OREM — Kelly Thurgood works in bronze, but before a piece is cast he carves it in detail in wood.

Most sculptors use clay to create their original pieces, but Thurgood gets more detail from wood, particularly Tupelo wood.

"I am a realist. Every detail needs to be in place and accounted for," he said. "If it was put there by the Creator it has a reason for being there."

Thurgood is displaying a sculpture of chickadee and grouse and several photos at the Terra Nova Gallery exhibition that features birds.

"Birds of a Feather" will show works from Thurgood, Brett Larsen, Rebecca Lee, Dahrl Thomson and Rebecca Wagstaff, all birds in oil, photo, colored pencil or sculpture.

"The exhibit, which includes both 2-D and 3-D works, encompasses a variety of styles and medium, from the delicate, realistic creations of Thurgood to the bold, stylized works of Dahrl Thomson," said museum owner David Hawkinson.

Thurgood lost most of his hearing at 16 from shotgun blasts near his head.
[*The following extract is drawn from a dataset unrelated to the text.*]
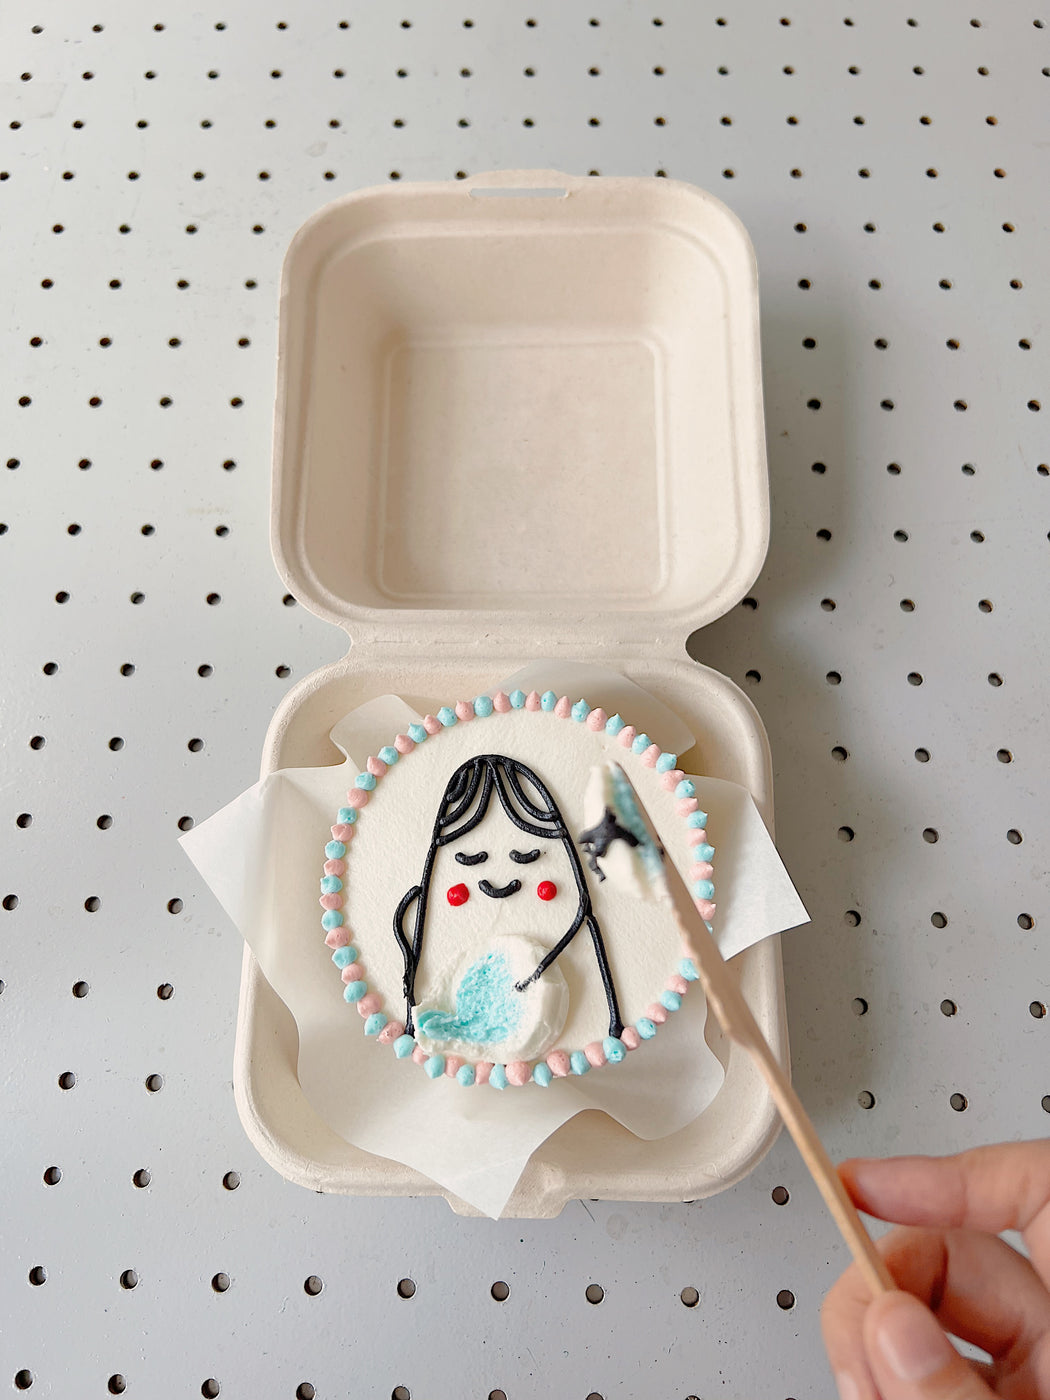 Peekaboo Surprise (Gender reveal cake)

That tragedy led to a sharpening of his other senses and an acute awareness.

Often he's at work two hours after sunrise photographing wildlife to use in an upcoming art project. Sometimes he hauls out his camera and its 400mm lens to shoot a couple of hours before sunset. Both times are best for photographing wildlife because the low sun enhances their colors, he said.
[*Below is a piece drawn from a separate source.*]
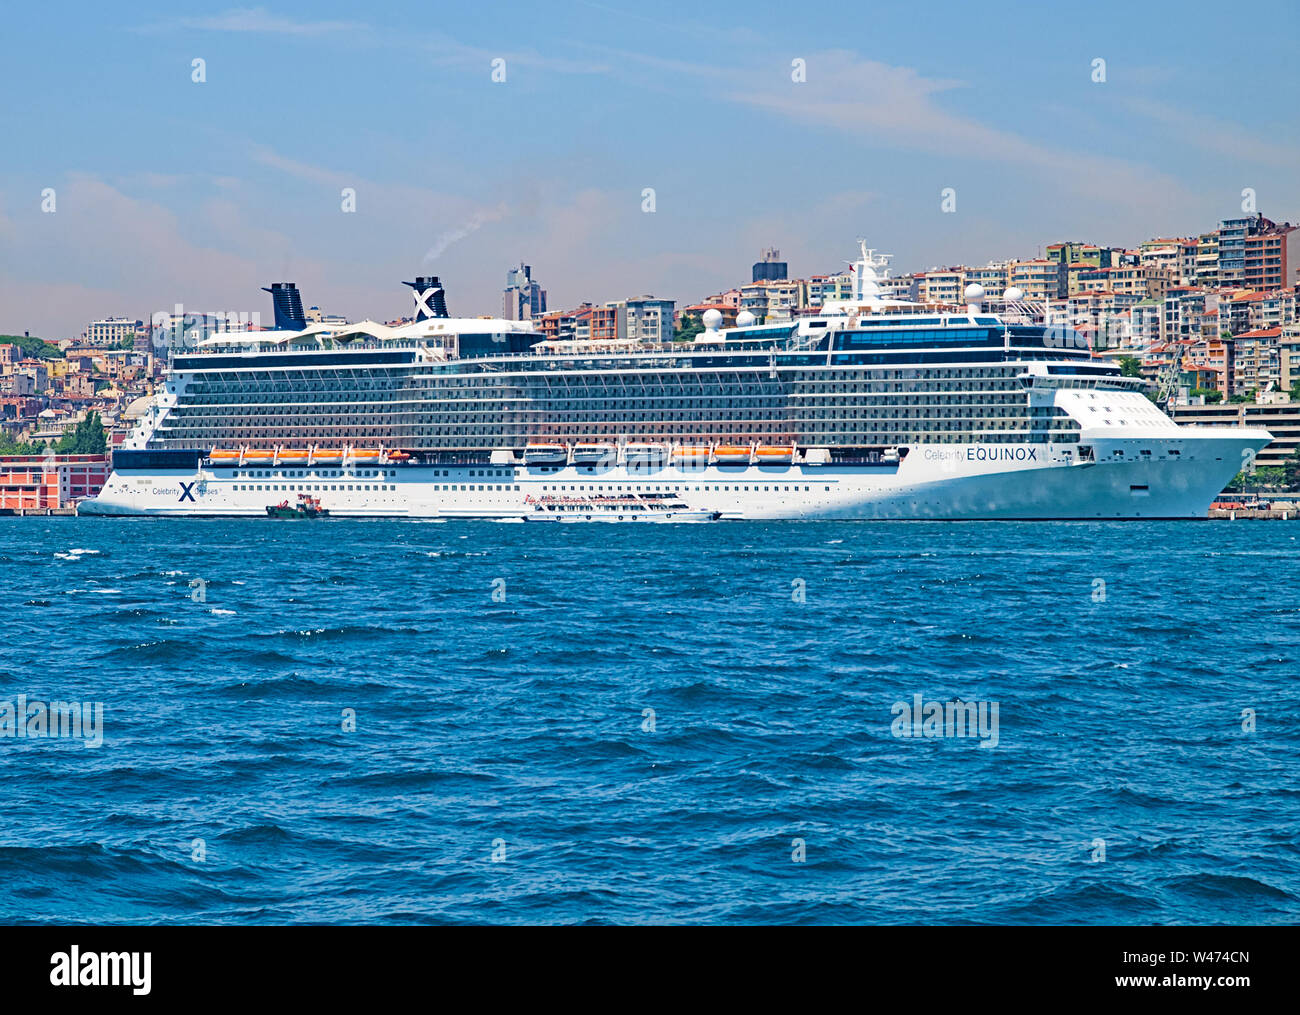 Istanbul, Turkey - 05/28/2010: Large cruise ship named 'Celebrity EQUINOX' at Istanbul coast, Turkey. Stock Photo

His original carvings are not for sale. He uses them to create molds from which he casts a limited number of bronze pieces.
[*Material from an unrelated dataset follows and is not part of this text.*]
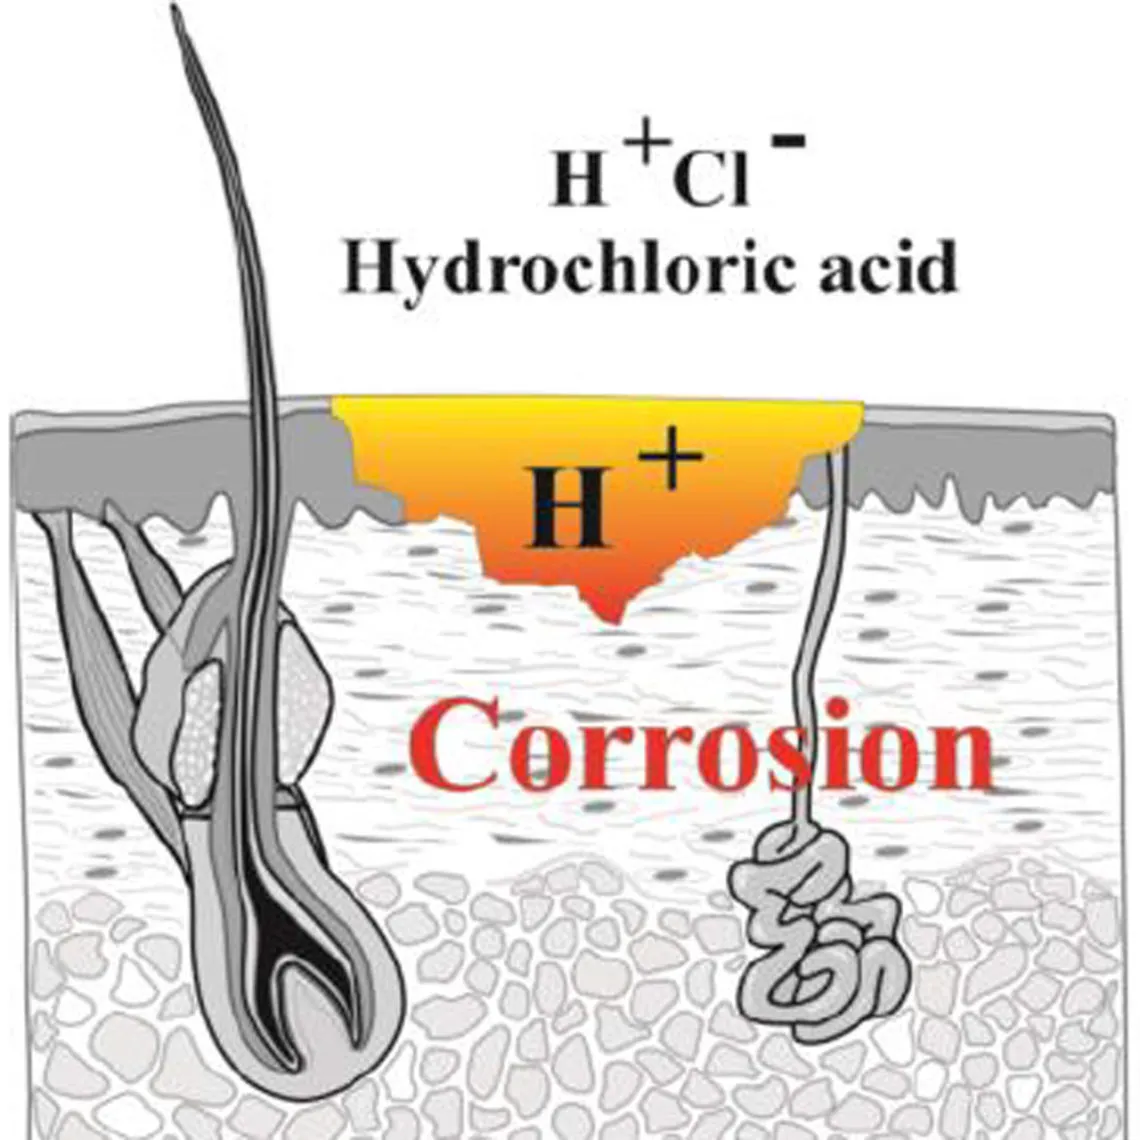 diagramme montrant les effets de l'acide chlorhydrique sur l'organisme en contact avec lui : corrosion

Thomson, too, works in a medium other than clay before she casts her bronze sculptures. She creates in stone.

Thomson uses a plethora of power tools, including grinders with diamond tips, and spends hours sanding. It takes her a few weeks to a few months to complete a sculpture. Her art has a modern twist — the bird sculpture she is displaying is undefinable, except "you can tell it's a bird," she said. Thomson also does pieces that are more abstract and favors female figures, fish and eels in addition to birds.

Her bird sculpture stands 22.5 inches tall, including its black granite base. Another is a white Italian Carrara marble sculpture named "Inclined to Stay."

Rebecca Lee of Woods Cross is known for her work in colored pencil, but she also works in oils and acrylics.

She submitted four pieces in colored pencil to the Terra Nova exhibition, a group of mallard ducks, a white pelican, snowy egret and a rough-legged hawk.

"I'm mostly inspired by nature ... and things in the natural world," she said.

Hawkinson invited Rebecca Wagstaff of Tropic to submit a contemporary realism still life oil painting that includes an Australian spotted duck. She is married to artist Clay Wagstaff and was featured with him in the July issue of Southwest Art magazine.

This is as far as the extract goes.